# Top 10 Pandas techniques used in Data Science

## The ten cool techniques that will always come in hand!

With so much data📚 gathered in the corporate sector, we must now have some methods of painting🎨🖌 an image of that information to comprehend it. Data analysis📊 enables us to understand the data and identify trends, patterns📈. We can now achieve all the above-said things by the **techniques used in Data Science**, thanks to Python's Pandas library! 🌟

**Pandas ** is data manipulation and analysis library written using Python. It has a plethora of functions and methods to help speed up⚡ the data analysis process. Pandas’ popularity stems from its **usefulness**, **adaptability**, and **straightforward **syntax🤩.

Over the years, Pandas has been the industry standard🏭 for data reading and processing.

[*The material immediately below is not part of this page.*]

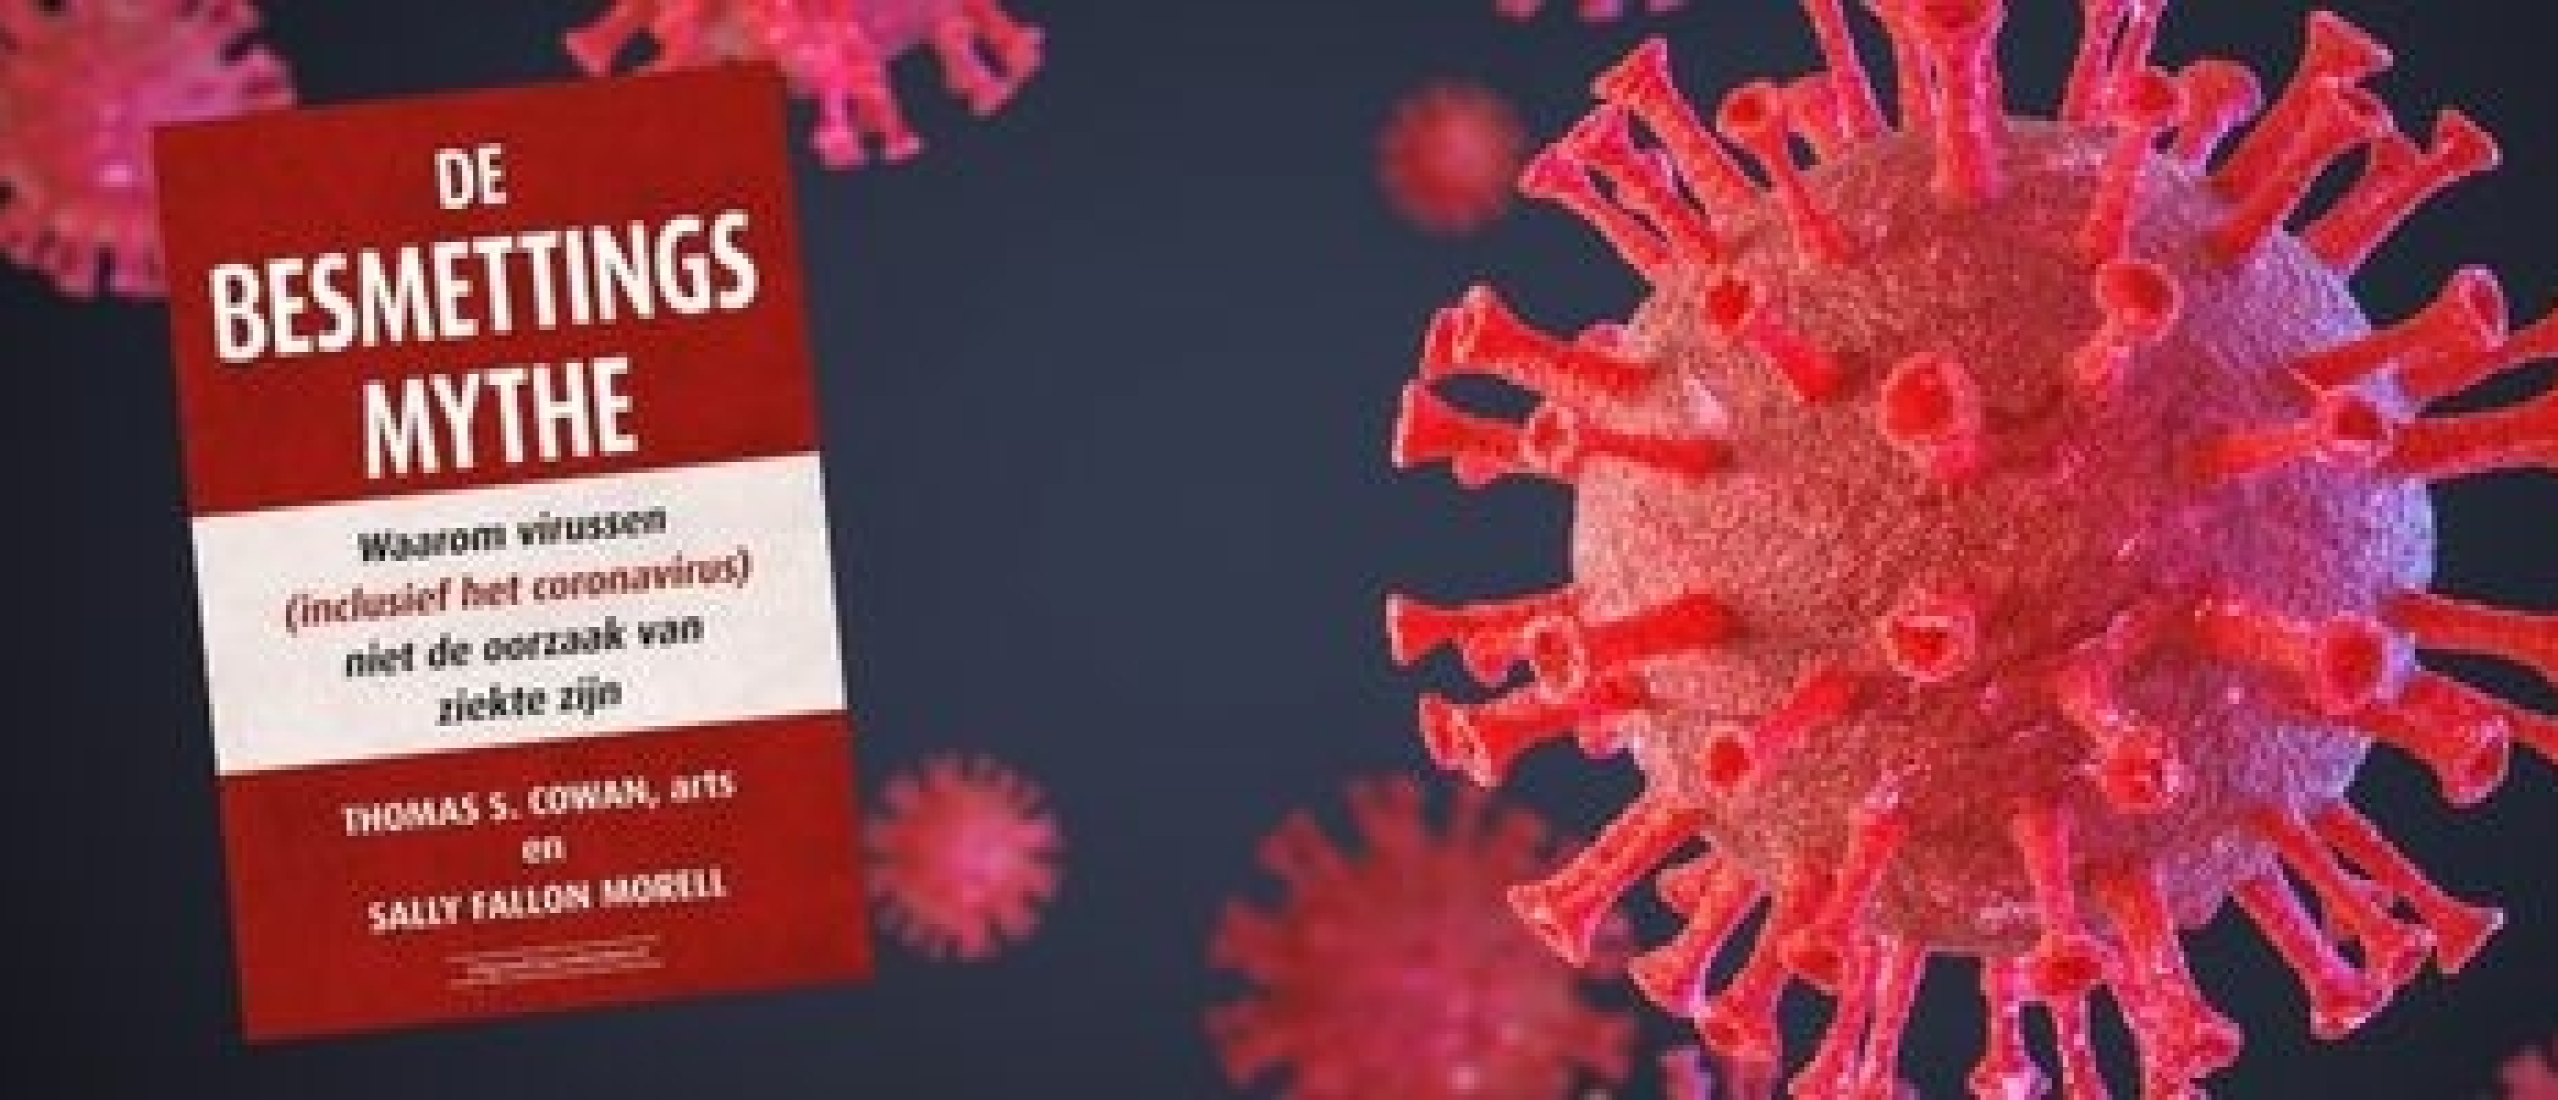 De Besmettingsmythe - Bestaan virussen eigenlijk wel?

This blog includes the top ten **Pandas techniques** that will be more than useful in your data science projects.💯

*How to start with Data structures & Algorithms*

## 1. Conditional Selection of Rows

Exploratory Data Analysis is done to summarise the key🗝 characteristics and to better understand the data set📋. It also helps us rapidly evaluate the data and experiment with different factors to see how they affect the results. One of the important analyses is the **conditional selection of rows** or **data filtering**. There are two methods to do this.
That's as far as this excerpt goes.